Practice Safety Alerts

Safer administration of insulin: summary of a safety report from the National Patient Safety Agency

BMJ 2010; 341 doi: https://doi.org/10.1136/bmj.c5269 (Published 13 October 2010) Cite this as: BMJ 2010;341:c5269
  1. Tara Lamont, special adviser1,
  2. David Cousins, head of medication safety1,
  3. Rowan Hillson, consultant physician and diabetologist2,
  4. Anna Bischler, senior pharmacist1,
  5. Martinette Terblanche, medication safety officer1
  1. 1National Reporting and Learning Service, National Patient Safety Agency, London W1T 5HD, UK
  2. 2Hillingdon Hospital, London
  1. Correspondence to: Tara Lamont, tara.lamont{at}npsa.nhs.uk

Insulin has been identified as one of the top 10 high risk medicines worldwide.1 Errors are common—the first national audit of over 14 000 inpatients with diabetes in England and Wales published recently showed prescribing errors in 19.5% of cases.2 Not only are mistakes common, they often lead to harm. One comprehensive five year study of adverse drug events in the United States found that 3% of medication errors related to insulin, but these errors were also twice as likely to cause harm as errors for other prescribed drugs.3 Errors relating to insulin arise because insulin has a narrow therapeutic range and requires precise dose adjustments with careful administration and monitoring.4 Over 20 different types of insulin are in use, in various strengths and forms, and with a range of delivery devices, including insulin syringes (from vials), insulin pens (prefilled or reusable), or infusion pumps (British National Formulary, http://bnf.org/bnf/index.htm). Staff may not be familiar with the safe use of different devices or the complex range of products now available.

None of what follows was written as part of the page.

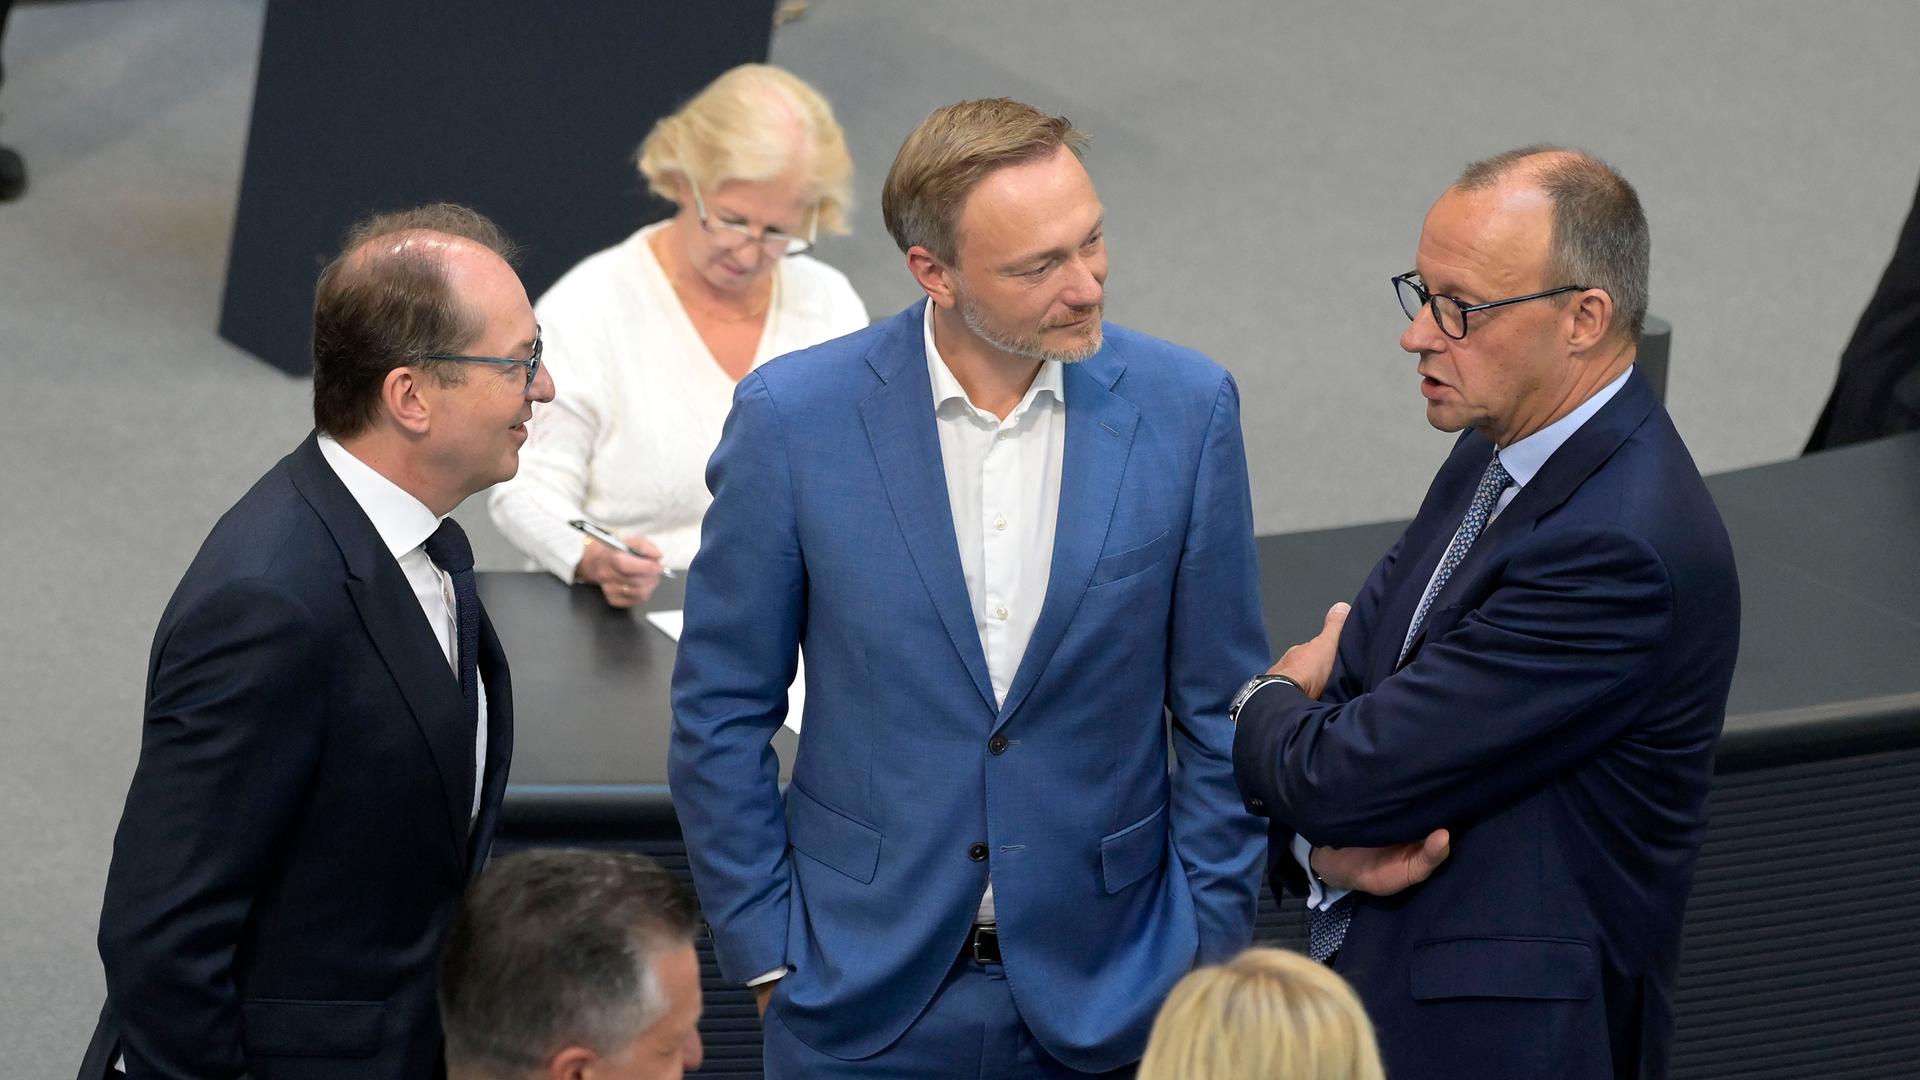 Alexander Dobrindt, Christian Lindner und Friedrich Merz (v.l.n.r.) stehen bei einer Sitzung im Bundestag zusammen.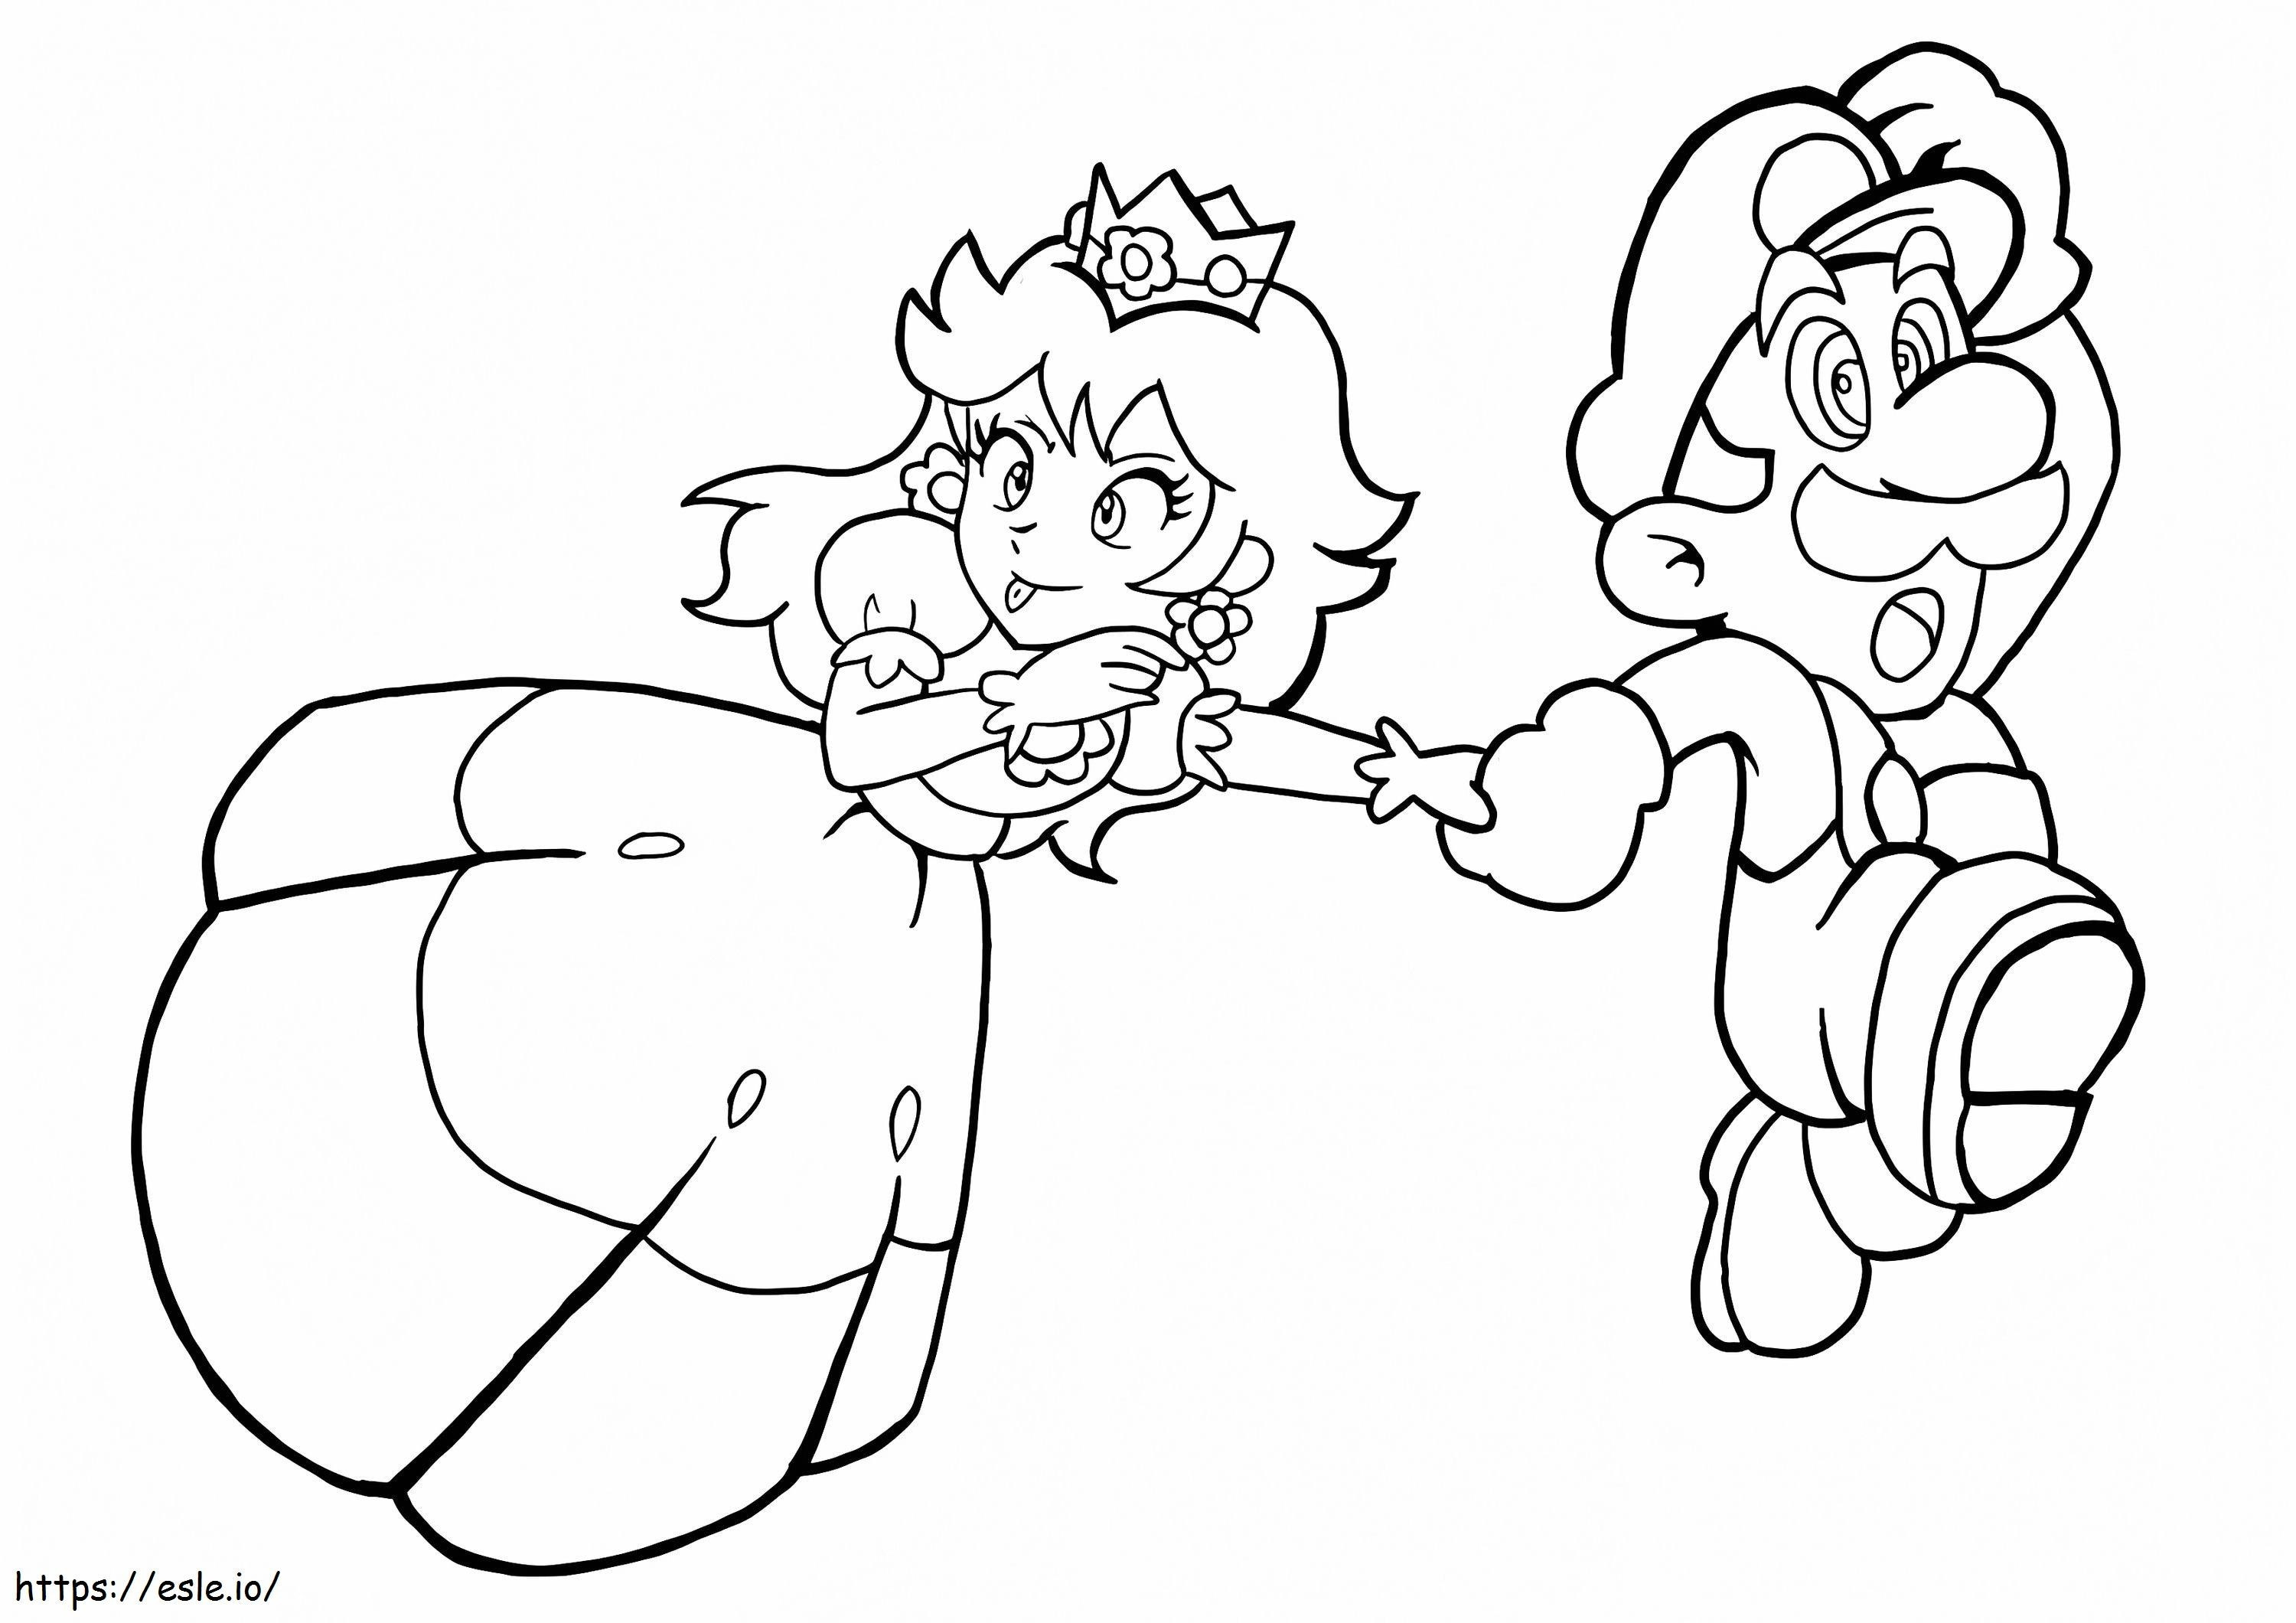 Leuke prinses Peach en Mario rennen kleurplaat kleurplaat

Studies show knowledge gaps among non-specialist staff in hospitals5 and in community settings.6

From August 2003 to August 2009, the National Patient Safety Agency (NPSA) received 3881 incident reports involving wrong insulin doses. The NPSA identified two common preventable errors relating to dose errors: using abbreviations when prescribing insulin; and failing to use insulin syringes. Reports described one death and one incident of severe harm caused by administering doses at 10 times the correct dose (errors that arose from abbreviating the term “unit”) and three deaths and 17 other incidents as a result of inappropriate use of intravenous syringes. These incidents …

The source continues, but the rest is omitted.